Consulting a calendar has nothing to do with you using private property owned by others. If your name is not on the deed-- you don't own it-- and you stay off of it unless you have permission. That's a basic as it gets with respect for other people's property.
What does it hurt? First, you are a liability while on their land. If you, or someone with you, gets hit by a falling tree branch or struck by lightning, the land owner is likely to get sued.
Next, your "dog walks" may be noticed by others. Even if you don't invite others to join, once they see you doing it, it encourages them to engage the same behavior. Now suppose a parent with a child is walking their dog, the child looks up just in time to be hit in the eye by a falling branch. The owner gets sued.
So what's the harm in walking across their land even if no accident happens? Simple-- establish a pattern of using that property over five years (in many jurisdictions) and you have just acquired a legal right to the walking trail you have been using. Called a prescriptive easement.
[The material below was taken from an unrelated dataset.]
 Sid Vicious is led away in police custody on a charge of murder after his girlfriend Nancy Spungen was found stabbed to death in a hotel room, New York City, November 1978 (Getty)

Once that is established you have just harmed the owner by devaluing their land since they cannot any longer order you to leave.
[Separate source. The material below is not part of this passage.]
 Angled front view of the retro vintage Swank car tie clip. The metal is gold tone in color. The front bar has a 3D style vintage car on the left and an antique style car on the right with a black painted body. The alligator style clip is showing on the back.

A prescriptive easement exists on my land (acquired many decades ago.) It is a constant headache. In the interior of my private property, I have vehicles, dirtbikes with no mufflers, ATV's spinning tires, dogs, dust, you name it. It's my land but I can't legally force them off of the area where the easement exists. It started long ago with people believing there was no harm in taking a shortcut through the property I now own.